Despite the existence of dedicated objects that cater to all our basic scoping, plotting, and metering needs, the use of simpler and less sophisticated GUI elements is to be considered sometimes because of their characteristic crudeness, which may be just what we are after for certain projects. As in the previous example, we can manually set the value of almost all GUI objects, and that being so, we can exploit them accordingly to design imaginative, uncanny visualizers. For example, we could make the previous code appropriate so that it monitors both the values as well as the distance between any two consecutive adjacent entries in our dataset using RangeSliders
:
updateSliders = fork{loop{ sliders.do{ arg item, i; { var value; // store current and previous values in an array and sort it so that the smaller number is always the first value = [dataset[i][index-1], dataset[i][index]].sort; // set each RangeSlider's value item.setSpan(value[0],value[1]); }.defer; }; if ( index < 1000) {index = index + 1;} {index = 0; }; // increment 0.1.wait; // sliders will be updated every 0.1 seconds }};
After having discussed all major built-in signal visualizers in SuperCollider, it is trivial to combine them in a singleton visualizer. Nonetheless, the server inconsistency of ScopeView
and FreqScopeView
is an obstacle not easy to surpass. Since it is probably a matter of time before a future version of SuperCollider solves this problem, it does make sense to attempt it, even if only for educational reasons. The code for MyFancyStereoScopeClass
is given online.
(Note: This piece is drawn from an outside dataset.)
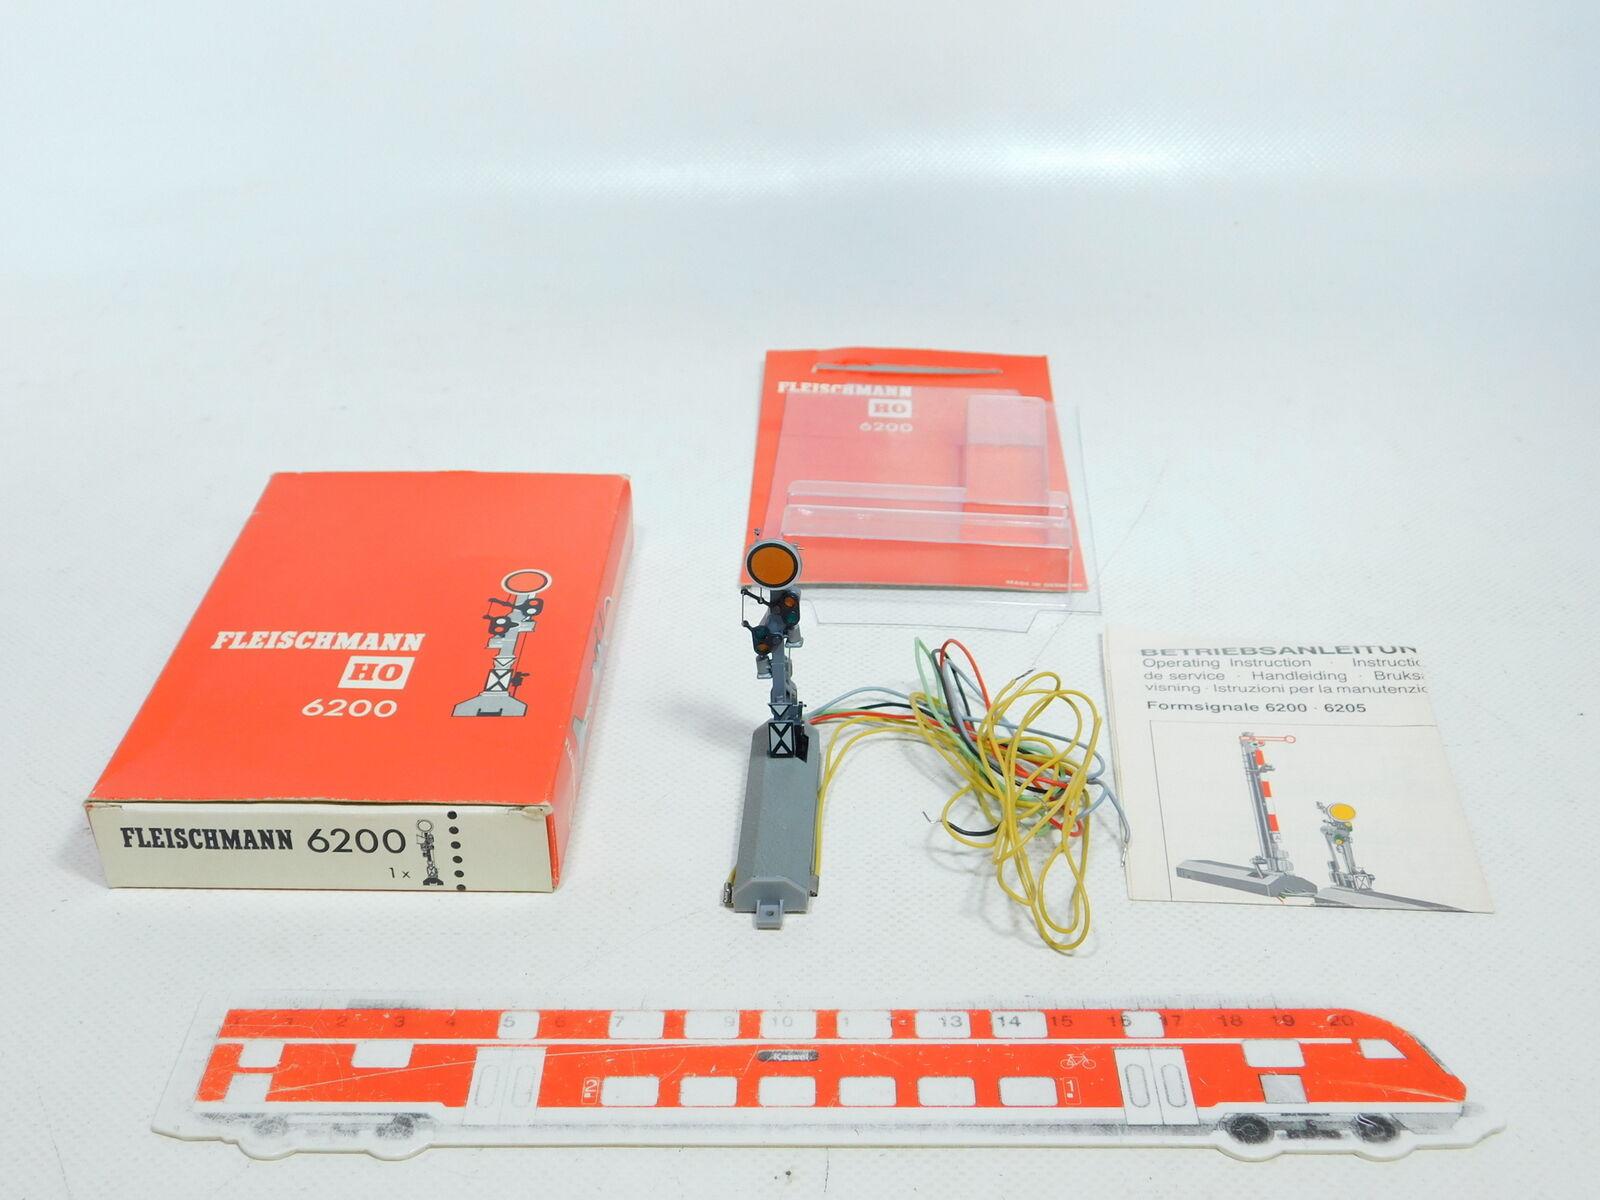 Bx685-0, 5  Fleischmann H0 Dc 6200 Form Distant Signal Signal Tested, Nip

We have to save it onto a file with the .sc
extension, copy it into our extensions folder (which can be always retrieved by evaluating Platform.userAppSupportDir
), and recompile the SuperCollider's Class
library before we can use it as shown in the following code snippet:
( // MyfancyStereoScope Example Server.default.waitForBoot({ // wait for server to boot MyFancyStereoScope.new(); {[Saw.ar(400), Saw.ar(402)]}.play(a) }) )
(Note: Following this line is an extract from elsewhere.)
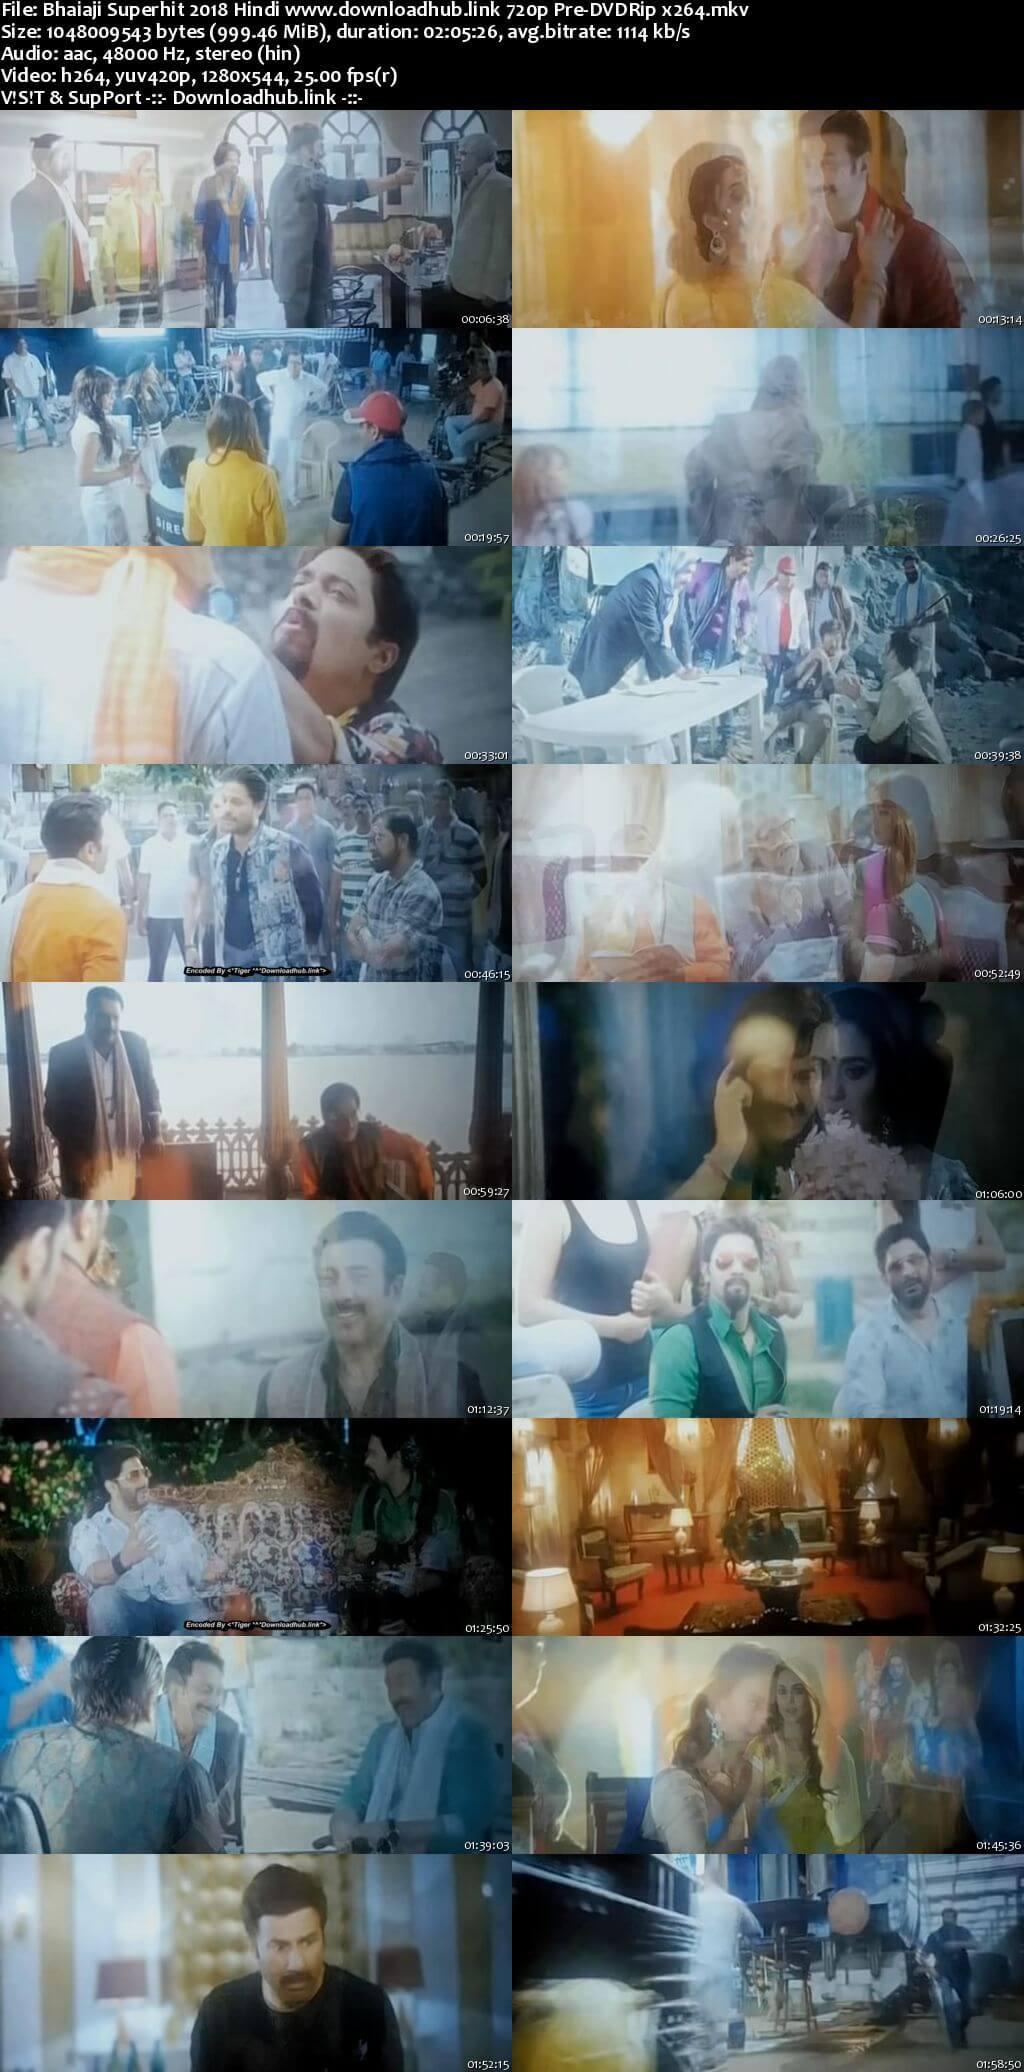 Bhaiaji Superhit 2018 Hindi 720p Pre-DVDRip x264

If all scopes were functional, our custom stereo scope would appear as shown in the following screenshot:

In this chapter we have learned how to design simple as well as more advanced visualizers in order to plot, scope, or meter audio signals and normalized numerical data in various ways. Hitherto, we have implemented custom spectrum, phase and waveform scopes, signal and dataset plotters, meters, and even nonstandard visualizers using a wide range of objects and methodologies. However, before advancing onto designing even more sophisticated techniques, we need to elaborate on the visual aspects of signals themselves so that they both sound and look interesting enough to scope.
In the next chapter, in particular, we will deal with waveform synthesis and discuss a series of techniques to synthesize appropriate waveforms.